Complete Quadrilateral

Complete quadrilateral

Let four lines made four triangles of a complete quadrilateral. In the diagram these are $\triangle ABC, \triangle ADE, \triangle CEF, \triangle BDF.$ One can see some of the properties of this configuration and their proof using the following links.

Radical axis

Let four lines made four triangles of a complete quadrilateral. In the diagram these are $\triangle ABC, \triangle ADE, \triangle CEF, \triangle BDF.$

Let points $H,$ and $H_A$ be the orthocenters of $\triangle ABC$ and $\triangle ADE,$ respectively.

Let circles $\omega, \theta,$ and $\Omega$ be the circles with diameters $CD, BE,$ and $AF,$ respectively. Prove that Steiner line $HH_A$ is the radical axis of $\omega, \theta,$ and $\Omega.$

Proof

Let points $G, K, L, N, P,$ and $Q$ be the foots of perpendiculars $AH_A, CH, DH_A, BH, AH,$ and $EH_A,$ respectively.

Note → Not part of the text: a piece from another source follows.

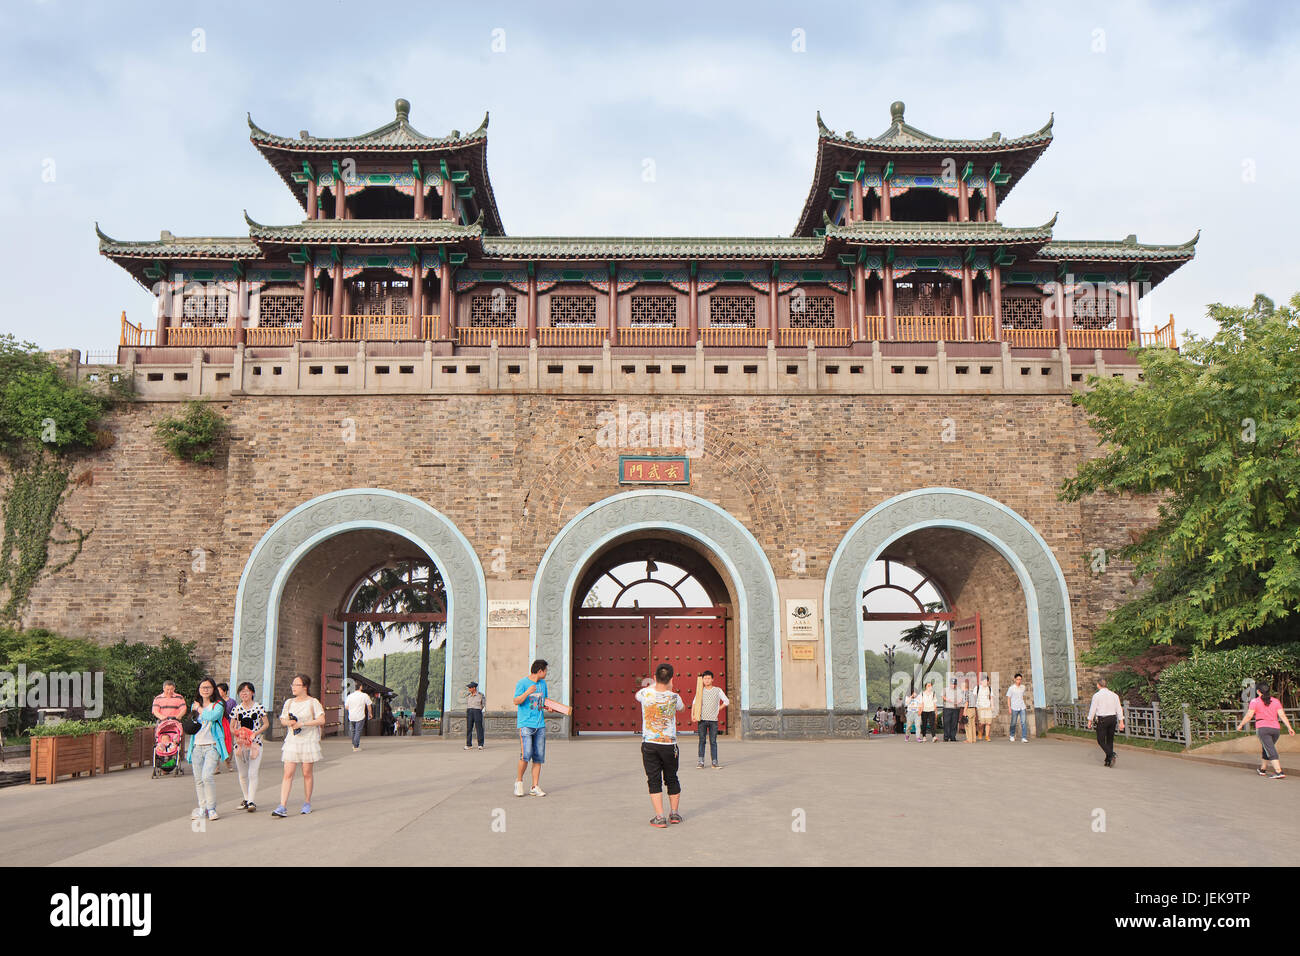 NANJING-MAY 26, 2014. Ancient gate to Zhongshan scenic area. Nanjing, capital of Jiangsu province, is a city with a very rich history. Stock Photo

Denote $Po(X)_{\omega}$ power of point $X$ with respect the circle $\omega.$ $\angle AGF = 90^\circ \implies G \in \Omega \implies Po(H_A)_{\Omega} = AH_A \cdot GH_A.$ $\angle APF = 90^\circ \implies P \in \Omega \implies Po(H)_{\Omega} = AH \cdot PH_A.$ $\angle CLD = 90^\circ \implies L \in \omega \implies Po(H_A)_{\omega} = DH_A \cdot LH_A = AH_A \cdot GH_A = Po(H_A)_{\Omega}.$ $\angle EQB = 90^\circ \implies Q \in \theta \implies Po(H_A)_{\theta} = EH_A \cdot QH_A = AH_A \cdot GH_A = Po(H_A)_{\Omega}.$

$\angle BNE = 90^\circ \implies N \in \theta \implies Po(H)_{\theta} = BH \cdot NH = AH \cdot PH = Po(H)_{\Omega}.$ $\angle CKD = 90^\circ \implies K \in \theta \implies Po(H)_{\omega} = CH \cdot KH = AH \cdot PH = Po(H)_{\Omega}.$ Therefore power of point $H (H_A)$ with respect these three circles is the same. These points lies on the common radical axis of $\omega, \theta,$ and $\Omega \implies$ Steiner line $HH_A$ is the radical axis as desired.